Some of the problems with using 3rd party tech company platforms go beyond just the inherent risks in using someone else’s computer, or abuse by other users—in many cases, the use of their services is subject to the whims of their support personnel, who may make poor decisions out of carelessness, a discriminatory policy, or for entirely inscrutable or undisclosed reasons. And because these are private companies, there may be nothing that compels them to explain themselves, and no way to appeal such a decision, leaving anyone caught in a situation like this unable to participate in some aspect of academic life.

For example, in the late 00’s, I tried to make a purchase with Paypal and received an error message. I hadn’t used my account for years, and I thought it was just that my credit card needed to be updated. On visiting the Paypal website, I found that my account had been closed permanently. I assumed this was a mistake that could be resolved, so I contacted Paypal support. They informed me that I had somehow violated their terms of use, and that this decision could not be appealed under any circumstance. The best explanation for this situation that I could ever get from them was, to paraphrase, “You know what you did.”

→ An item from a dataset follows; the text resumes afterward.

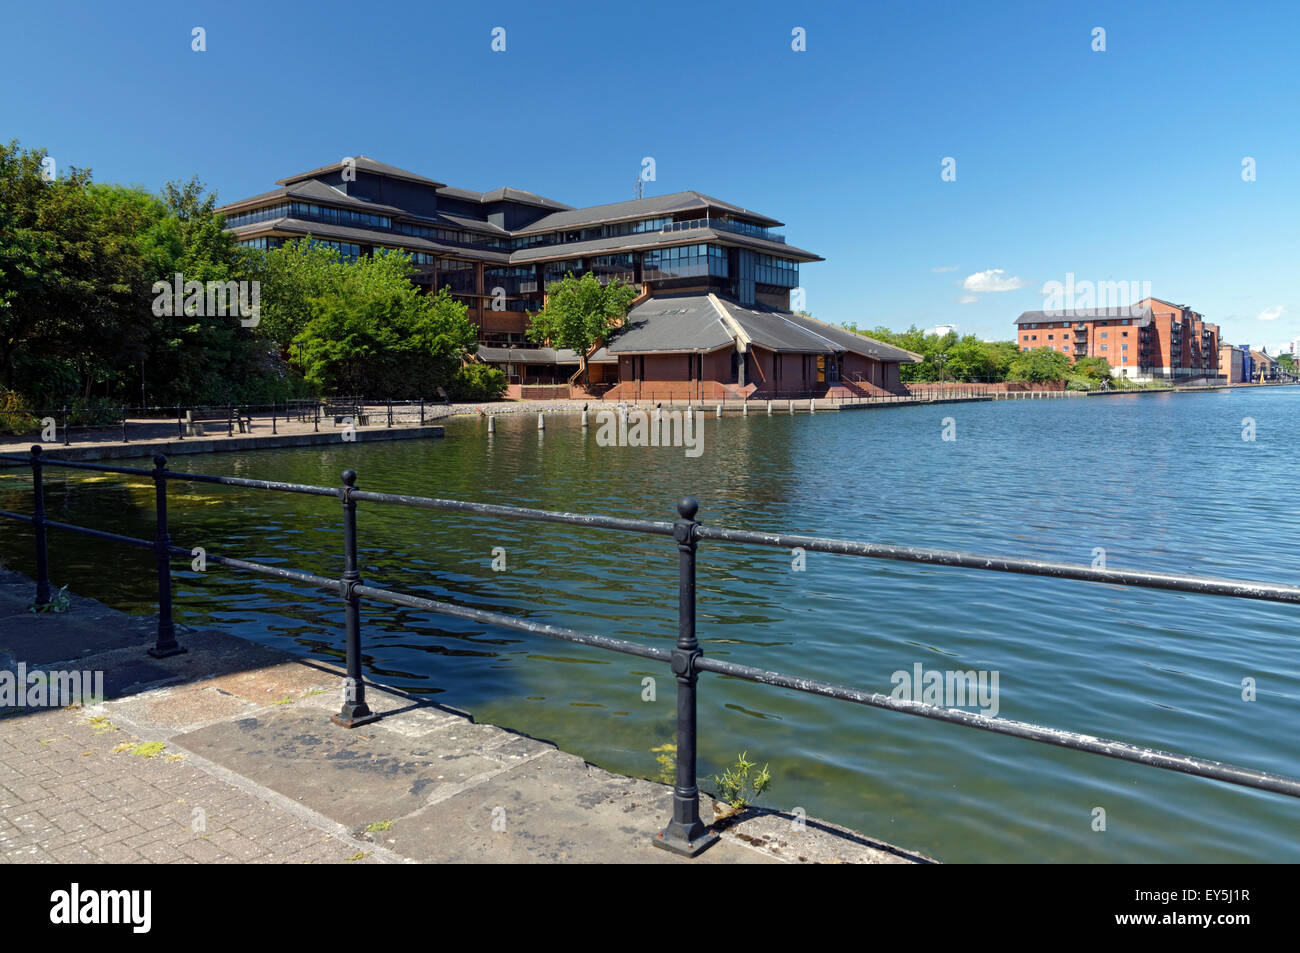 Cardiff County Council Hall, Atlantic Wharf, Cardiff, Pays de Galles, Royaume-Uni. Banque D'Images

This was baffling to me, as I hadn’t used Paypal in years and I had no idea what I could have possibly done. I tried making a new account with a new email address. When I connected my financial details to this account, it was also automatically closed. I’ve tried to make a new account a few times since, but never with success. As far as I can tell, there is no way for me to ever have a Paypal account again.

And that wasn’t a problem for me until a few months ago when I tried to register for some optional sessions at an academic conference that my department nominated me to attend. In order to confirm my place, I needed to pay a deposit, and the organizers only provided Paypal (not cash or credit card) as a payment option.

And this sort of thing is not unique to my situation either. Paypal has a long, terrible and well-documented history of arbitrarily closing accounts (and appropriating any money involved). This is usually in connexion with Paypal’s bizarre and sometimes contradictory policies around charities, but this also affects people involved in sex work (reminder: being a sex worker is perfectly legal in Canada).

Everything worked out for me in my particular situation at this conference, but it took work. After several emails, I was eventually able to convince them to make an exception and allow me to pay by cash on arrival, but I still had to go through the process of explaining to them why I have no Paypal account, why I could try making a new one, but it wouldn’t work, and that I wasn’t just being a technophobe or difficult to work with on purpose. I was tempted to just opt out of the sessions because I didn’t want to go through the embarrassment of explaining my situation.

And my problem with Paypal was a “respectable” one—it’s just some weird mistake that I’ve never been able to resolve with Paypal. Now imagine trying to navigate a barrier to academic participation like that if you were a person whose Paypal account was closed because you got caught using it for sex work. Do you think you’d even try to explain that to a conference organizer? Or would you just sit those sessions out?

tl;dr—When you use services provided by tech companies, you may be putting up barriers to entry for others that you are unaware of.

Alternatives—This section was about money, and there aren’t that many good solutions. Accept cash. And when someone asks for special accommodation, don’t ask them to justify it.


Technology isn’t neutral. It’s built by people, who have their own biases, agendas and blind-spots. If we really value academic freedom, and we want to encourage diversity in academic thought, we need to be very critical about the technology that we adopt at the institutional level.